Fixing this market is a long and slow process that started in 2006. To reorient the incentive system, we must consider supporting primary challengers wherever they appear, if only to send the message to other potential candidates that there is a guaranteed base of support for people willing to challenge calcified incumbents. Perhaps at some point in the future we will have the luxury of choosing between ten different qualified challengers to support, but at this point the imbalance in the system is so severe that we must weight the value of an open primary more strongly than other political considerations.

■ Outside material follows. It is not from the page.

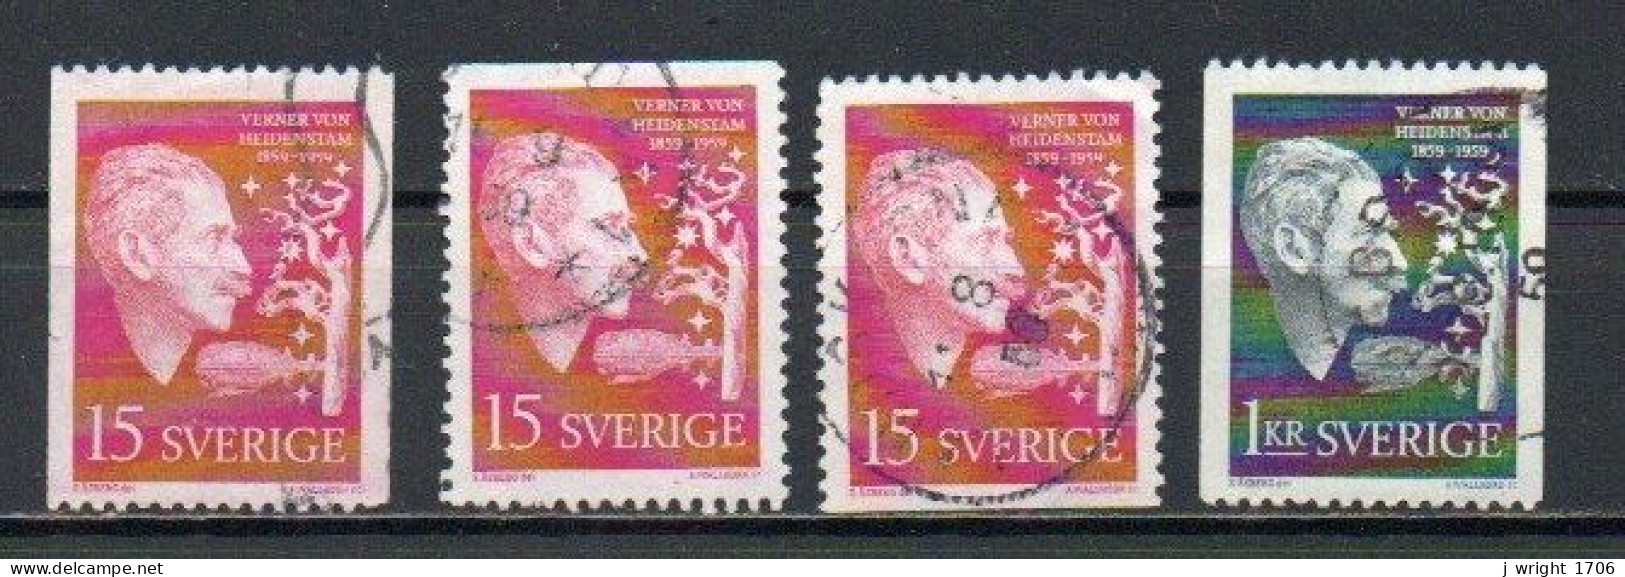 Sweden, 1959, Verner Von Heidenstam, Set, USED - Usati

I've been meaning to write this essay for some time, but I'll close by relating a typical conversation I had with a wonderful and experienced strategist. He and I were debating the antiwar coalition (which I consider myself part of), and I made the argument that primary challenges should be a much larger strategic imperative than they are. He said, well, the top priority is to get rid of Republicans, and then to work for challenges to Democrats. What I tried to convey is that these priorities are not in conflict, but are complements. Doing one without the other creates a structural weakness that we saw during the Iraq Summer project, when Democrats and Republicans came back to DC more intent on funding the war, and in fact did so quietly with a continuing resolution. Ultimately, I did not convince him, but smart strategists in the Democratic Party ought to begin considering the nonlinear nature of political change, that adaptive change by politicians in the system as a whole can sometimes be more important than any one electoral contest.

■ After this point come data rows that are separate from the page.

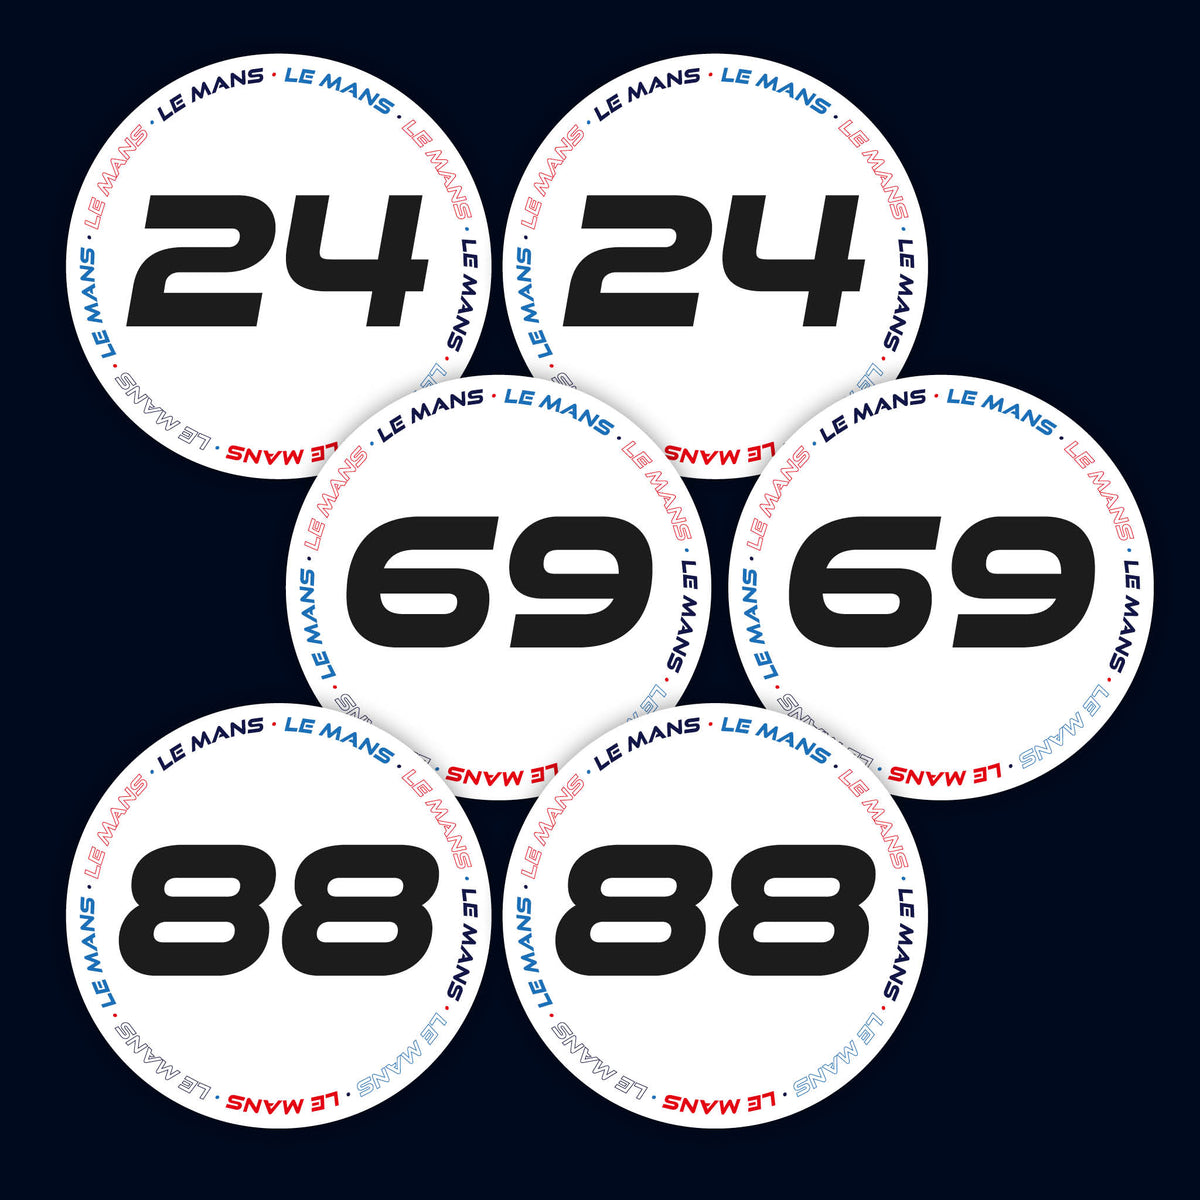 White Le Mans 400mm Diameter Door Racing Numbers (Pair)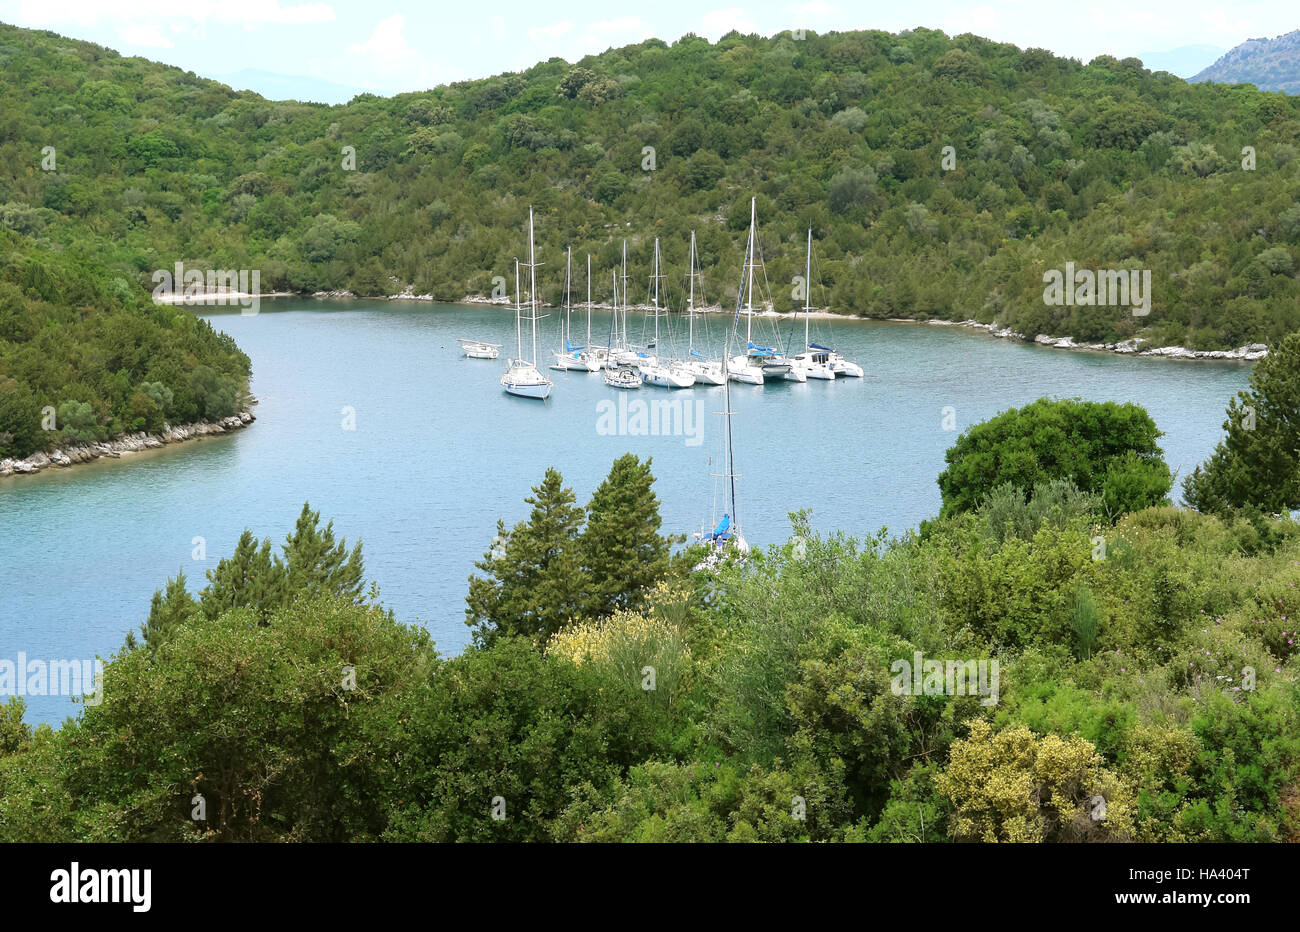 Sivota, Griechenland, 9. Mai 2013: Landschaft mit grünen Insel, Berge und Yachten in Emerald Bay im Ionischen Meer, Griechenland. Stockfoto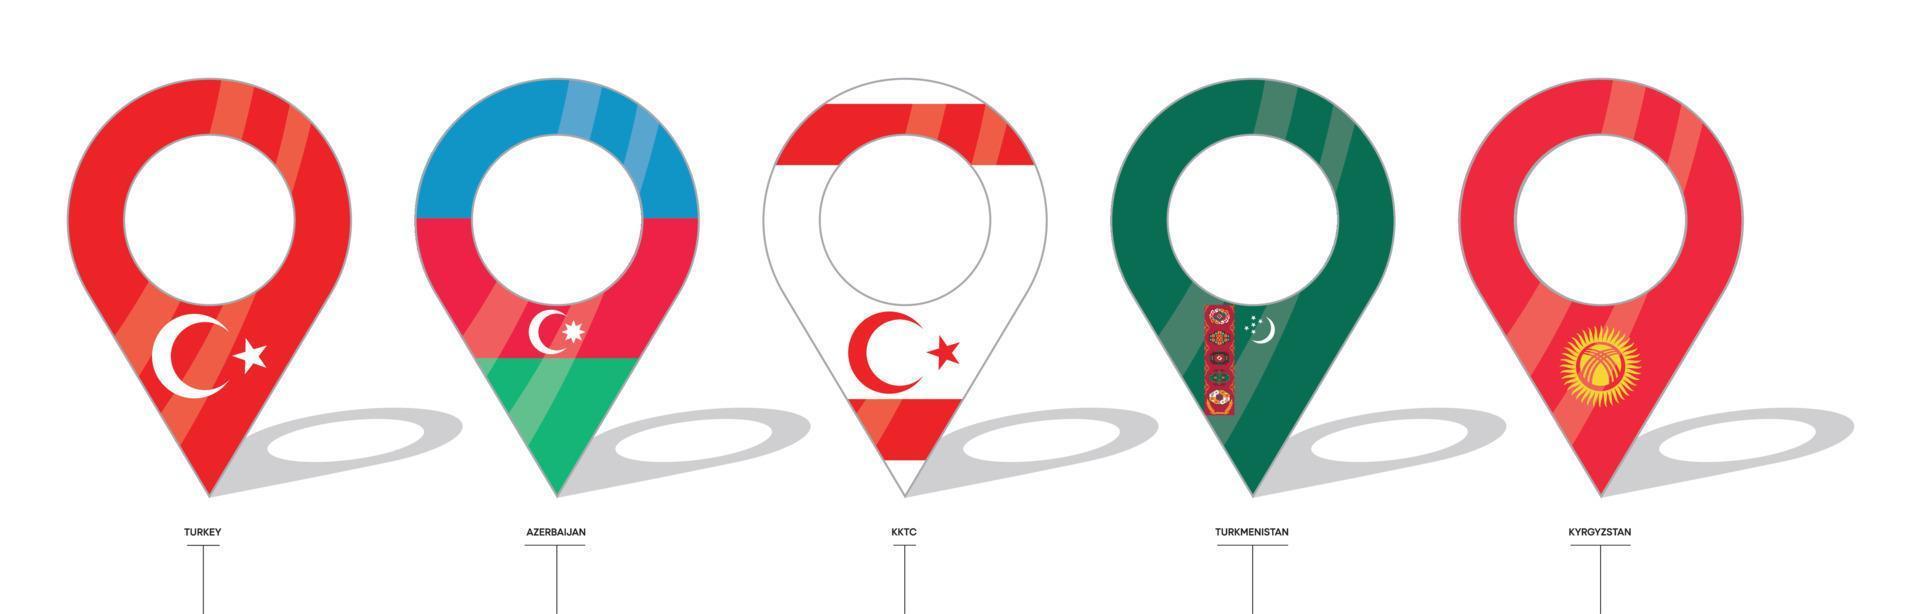 panneau de localisation du drapeau du pays. icônes de drapeau de la turquie, de l'azerbaïdjan, de la trnc, du turkménistan et du kirghizistan. drapeaux des pays avec enregistrement. icône vectorielle de formes simples de point de localisation. vecteur

I don't know about you, but I'm tired of writing and calling representatives and feeling they will ignore me. I don't like that the ACLU is cut out of civil liberties legislative drafting, or that net neutrality is still nowhere in Congress. All of this is actually wasted energy; it's a negative feedback loop that substantially dampens the effectiveness of liberal activism. And obviously, I don't think that getting rid of Republicans is the whole answer, any more than electing a Democratic Congress did anything to slow the war. Politics is complex, but sometimes we can identify a systemic problem and a model to address it. The broken market for primaries is one such problem, and it's very fixable. Once Democratic leaders recognize that they represent both the Democratic Party and their district/state, their behavior will shift in important ways, and allow us to focus on other activities.
Primaries are strong positive feedback loops for activists, and a good insurance policy against betrayal. And I'll point out that we may need such a policy in 2012.